Afinal, como deixar de reconhecer que o doente em estado mais grave deve ter prioridade em receber tratamento médico mesmo nos casos em que se sabe serem pequenas suas chances de pleno restabelecimento? Ou, então, como levar em conta critérios como idade ou escolaridade na escolha do paciente que receberá certos tratamentos caros? Em situações como essas, afirmar o princípio da eficiência significa negar socorro ao mais necessitado ou discriminar certas categorias de indivíduos, o que é injusto e bárbaro. Afirmar princípios de justiça pode, por sua vez, significar que recursos que provavelmente salvariam determinados pacientes serão consumidos por outros sem que resultem para estes últimos em benefícios significativos ou duradouros.

Dilemas entre justiça e eficiência se repetem quando se procura estabelecer prioridades na política de saúde, o que contribui decisivamente para paralisar o debate normativo associado ao que venha a ser uma distribuição mais adequada de recursos no setor. Esta dificuldade em avançar o debate normativo acaba contribuindo também para fragilizar o debate teórico. Afinal, quando se consegue definir onde se quer chegar, deve-se enfrentar imediatamente a questão de como chegar lá, o que estimula o trabalho de investigação sobre quais são, afinal, as variáveis responsáveis pela produção do atual modelo e como se poderia atuar sobre elas no sentido de alcançar uma nova distribuição.

Ora, como em saúde, assim como em muitas outras políticas públicas, são raras as situações em que as opções são claras, acabamos ficando, na maioria das vezes, sem um modelo normativo e, também, sem a possibilidade de aprofundar o debate teórico a respeito de como se produz o perfil de distribuição de recursos no setor. Esta situação tem facilitado a proliferação de estudos que atribuem as distorções na distribuição de recursos à atuação do setor privado, sem explicitar os mecanismos que têm permitido que esses interesses sejam beneficiados.
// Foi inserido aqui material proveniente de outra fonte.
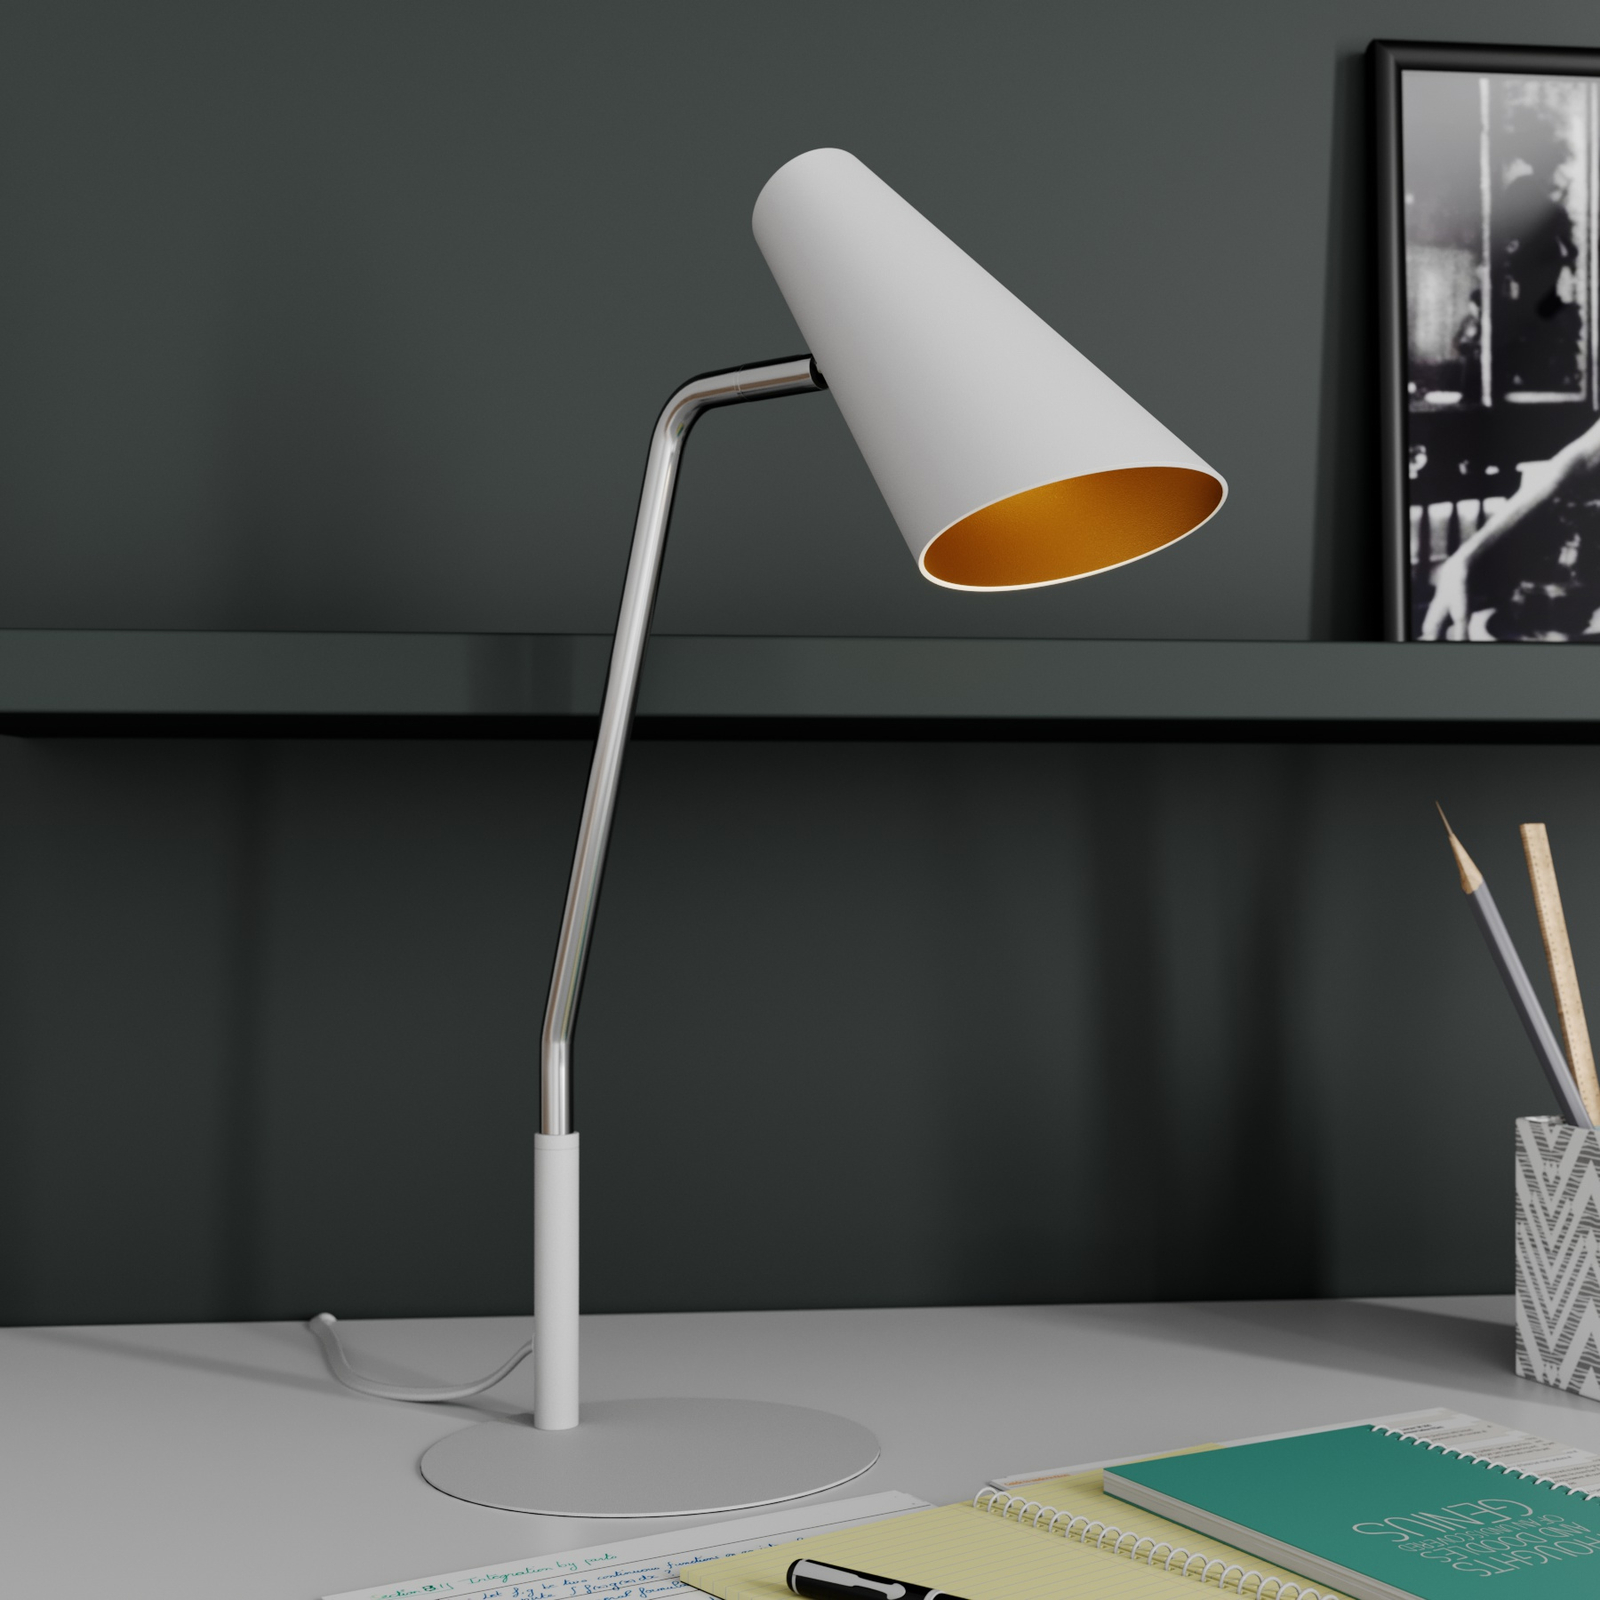 Lucande Wibke table lamp, white

Nesse contexto, o sistema de atendimento ao doente renal crônico representa uma fonte de pesquisa extremamente estimulante, pois é um desses raros casos em que é possível definir uma proxy do que seja uma distribuição adequada de recursos entre os tratamentos disponíveis. Neste caso, existe um consenso entre médicos, doentes e especialistas sobre como distribuir os recursos entre os transplantes e a diálise atendendo simultaneamente às demandas de justiça e eficiência.

Mais ainda, no caso do Sistema Brasileiro de Atendimento ao Doente Renal Crônico, a comparação entre a distribuição ideal e a atual mostra que esta última não só é claramente inadequada como não tem apresentado uma tendência a se aproximar da ideal. E isso apesar das várias políticas empreendidas pelo Ministério da Saúde e secretarias estaduais no sentido de incentivar a atividade transplantadora.

Dadas estas características — a existência de um parâmetro objetivo aceito por especialistas e doentes sobre qual é a distribuição adequada de recursos entre os tratamentos disponíveis —, a análise desse sistema possibilita uma reflexão sistemática sobre os fatores que têm impedido que se alcance uma distribuição mais adequada, permitindo que se aprofunde o debate teórico em torno dos mecanismos responsáveis pela distribuição de recursos no interior do sistema de saúde e que se teste a adequação das explicações que atribuem aos interesses do setor privado ligado à diálise a responsabilidade por essas distorções.

Temos hoje no Brasil algo em torno de 70 mil doentes renais crônicos, dos quais cerca de 32 mil recebem tratamento a um custo de aproximadamente US$400 milhões ao ano, sendo quase 90% desses tratamentos financiados com recursos públicos. A insuficiência renal crônica é uma doença terminal caso o paciente não receba tratamento imediato e sistemático. Existem dois procedimentos que permitem substituir a função renal natural: o transplante e a diálise. Sendo o transplante uma solução mais econômica, que permite uma boa sobrevida e uma qualidade de vida melhor do que a diálise, é a opção preferida tanto pelos especialistas como pelos pacientes. Apesar disso, em cada cem pacientes renais que hoje recebem tratamento, apenas seis são encaminhados para transplante, quando, segundo estimativas da Sociedade Brasileira de Nefrologia, cerca de 60 destes pacientes estão aptos, de um ponto de vista médico, para realizar a cirurgia.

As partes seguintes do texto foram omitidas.